Powered by data from over half a million actual college applications, the website offers a real-time window into admissions trends, but allows students to dig deeper on college admissions statistics. For instance, most students can figure out that if Harvard has less than an 8% acceptance rate, the odds of admission are stacked against them. What they might want to know more specifically is which schools are accepting students with an arts background, from Oklahoma with a 3.6 GPA and an SAT Critical Reading score of 600.

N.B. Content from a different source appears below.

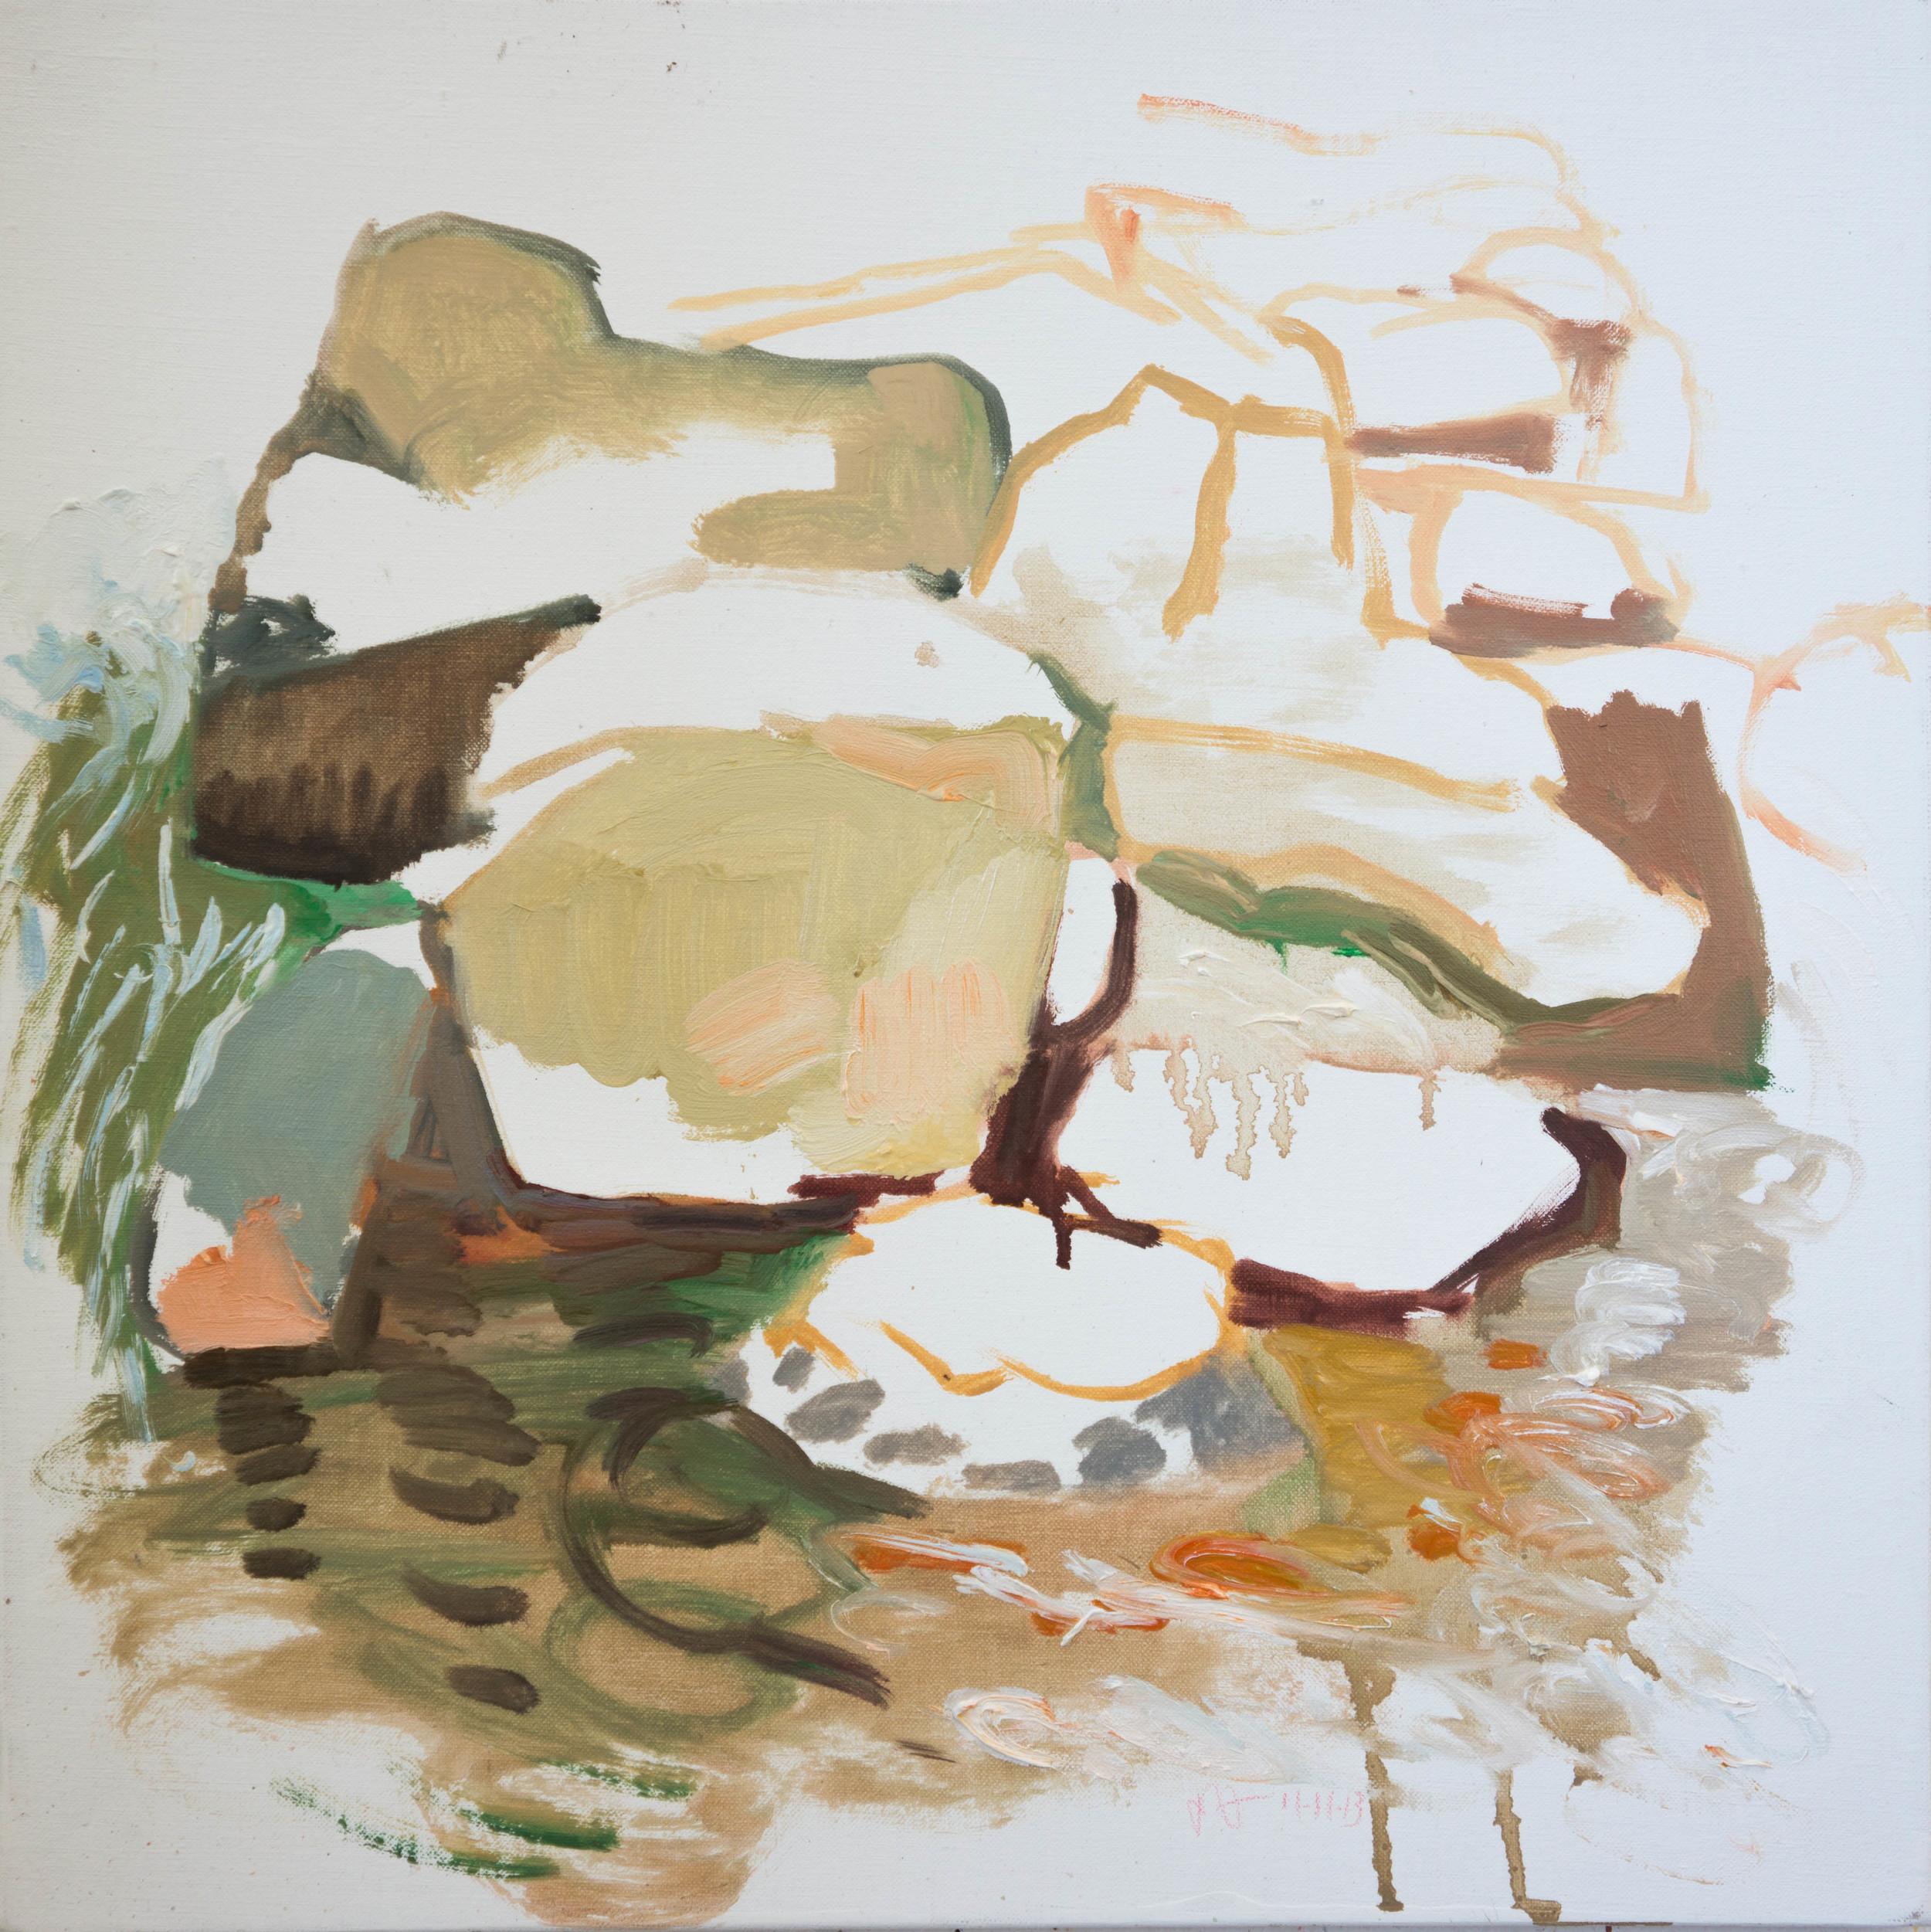 "11/11/13 n. crestone creek  16x16""  this plein air painting served as inspiration for  ciyu creek"

In addition to providing highly tailored results, the site serves as a community forum where students can share and receive peer feedback on their college admissions essays and ask and answer questions like "What are my chances for getting into Notre Dame?" If the college admissions process is indeed a numbers game (and an emotionally taxing one at that!), it may be nice for anxious students to have a place where they can go to see just where they fit in to the bigger picture. Even if the answer isn't the one they are hoping for, it is nice to know they are not alone in their musings.
Sunday, January 1, 2012
Changing Face of Admissions Applications
Electronic media means that the times are rapidly a-changing, and these days the college applications process is no exception. For some time now, companies like the Common Application have streamlined admissions by not only offering students a central hub for multiple applications, but making that hub available on-line. Today's college students think nothing of submitting entirely paperless applications-something almost unheard of just a decade ago. A new company, Matchbox, is attempting to nudge the admissions process into an even faster lane, providing, in its own words, "jet fuel for university admissions". Matchbox has created an iPad application that allows universities to essentially process admissions applications without a sheet of paper. A candidate's entire application is stored electronically-which creates an obvious ease of accessibility, and Matchbox's software further allows for the information to be categorized, organized and interpreted in a more streamlined manner. Matchbox claims that the admissions officers spend a majority of their time simply sifting and organizing a massive volume of information. If the app works as intended, admissions officers can instead devote their time to real analysis and review of the candidate's qualities.
From a practical standpoint, having all of the admissions data at their fingertips means that admissions officers can review applications anywhere, freeing them from the burden of being tied to physical stacks of information in a single office space. It is too early to say whether or not the new method of processing admissions data will improve the way a student's information is considered. From a perspective of convenience, it certainly makes sense.
It's still a little early to assess the efficacy of Matchbox's app, but they're pushing out of the gate with a couple of good endorsements. Just last week, MIT's Sloan School of Management and UCLA's Andersen School of Management announced that they would be utilizing the app for the bulk of their MBA program applications.